The function returns KeyError when the term “เมนูอาหารไทย” is not in the vocabulary.

>>> from pythainlp.word_vector import WordVector
>>>
>>> wv = WordVector()
>>> list_positive = ['เมนูอาหารไทย']
>>> list_negative = []
>>> wv.most_similar_cosmul(list_positive, list_negative)
KeyError: "word 'เมนูอาหารไทย' not in vocabulary"

similarity(word1: str, word2: str) → float[source]

This function computes cosine similarity between two words.

Parameters:

word1 (str) – first word to be compared with
word2 (str) – second word to be compared with

Raises:

KeyError – if either word1 or word2 is not in the vocabulary of the model.

Returns:

the cosine similarity between the two word vectors

Return type:

float

Note:

If a word in word1 or word2 is not in the vocabulary, KeyError will be raised.

Example:

Compute consine similarity between two words: “รถไฟ” and “รถไฟฟ้า” (train and electric train).

>>> from pythainlp.word_vector import WordVector
>>> wv = WordVector()
>>> wv.similarity('รถไฟ', 'รถไฟฟ้า')
0.43387136

Compute consine similarity between two words: “เสือดาว” and “รถไฟฟ้า” (leopard and electric train).

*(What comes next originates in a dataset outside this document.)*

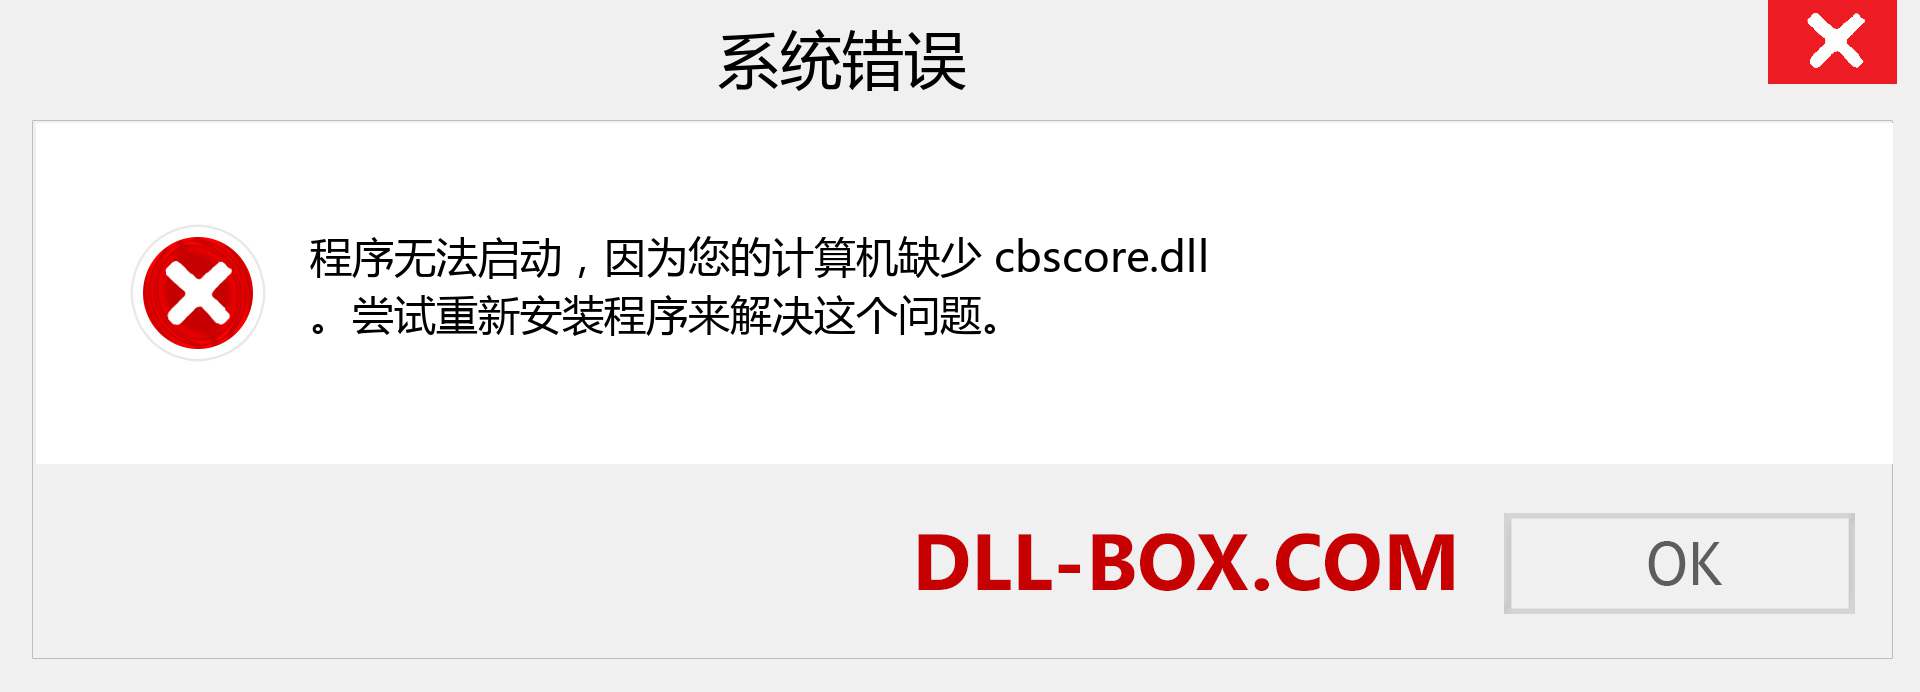 cbscore.dll 文件丢失？。 适用于 Windows 7、8、10 的下载 - 修复 Windows、照片、图像上的 cbscore dll 丢失错误

>>> from pythainlp.word_vector import WordVector
>>>
>>> wv = WordVector()
>>> wv.similarity('เสือดาว', 'รถไฟฟ้า')
0.04300258

sentence_vectorizer(text: str, use_mean: bool = True) → ndarray[source]

This function converts a Thai sentence into vector. Specifically, it first tokenizes that text and map each tokenized word with the word vectors from the model. Then, word vectors are aggregated into one vector of 300 dimension by calculating either mean or summation of all word vectors.

Parameters:

text (str) – text input
use_mean (bool) – if True aggregate word vectors with mean of all word vectors. Otherwise, aggregate with summation of all word vectors

Returns:

300-dimension vector representing the given sentence in form of numpy array

Return type:

numpy.ndarray((1,300))

Example:

Vectorize the sentence, “อ้วนเสี้ยวเข้ายึดแคว้นกิจิ๋ว ในปี พ.ศ. 735”, into one sentence vector with two aggregation methods: mean and summation.

>>> from pythainlp.word_vector import WordVector
>>>
>>> wv = WordVector()
>>> sentence = 'อ้วนเสี้ยวเข้ายึดแคว้นกิจิ๋ว ในปี พ.ศ. 735'
>>> wv.sentence_vectorizer(sentence, use_mean=True)
array([[-0.00421414, -0.08881307,  0.05081136, -0.05632929,
     -0.06607185, 0.03059357, -0.113882  , -0.00074836,  0.05035743,
     0.02914307,
     ...
    0.02893357,  0.11327957,  0.04562086, -0.05015393,  0.11641257,
    0.32304936, -0.05054322,  0.03639471, -0.06531371,  0.05048079]])
>>>
>>> wv.sentence_vectorizer(sentence, use_mean=False)
array([[-0.05899798, -1.24338295,  0.711359  , -0.78861002,
     -0.92500597, 0.42831   , -1.59434797, -0.01047703,  0.705004
    ,  0.40800299,
    ...
    0.40506999,  1.58591403,  0.63869202, -0.702155  ,  1.62977601,
    4.52269109, -0.70760502,  0.50952601, -0.914392  ,  0.70673105]])

References

[Omer Levy and Yoav Goldberg (2014). Linguistic Regularities in Sparse and Explicit Word Representations](https://www.aclweb.org/anthology/W14-1618/) This reference points to the work by Omer Levy and Yoav Goldberg, which discusses linguistic regularities in word representations. It underlines the theoretical foundation of word vectors and their applications in NLP.

This enhanced documentation provides a more detailed and organized overview of the pythainlp.word_vector module, making it a valuable resource for NLP practitioners and researchers working with pre-trained word vectors in the Thai language.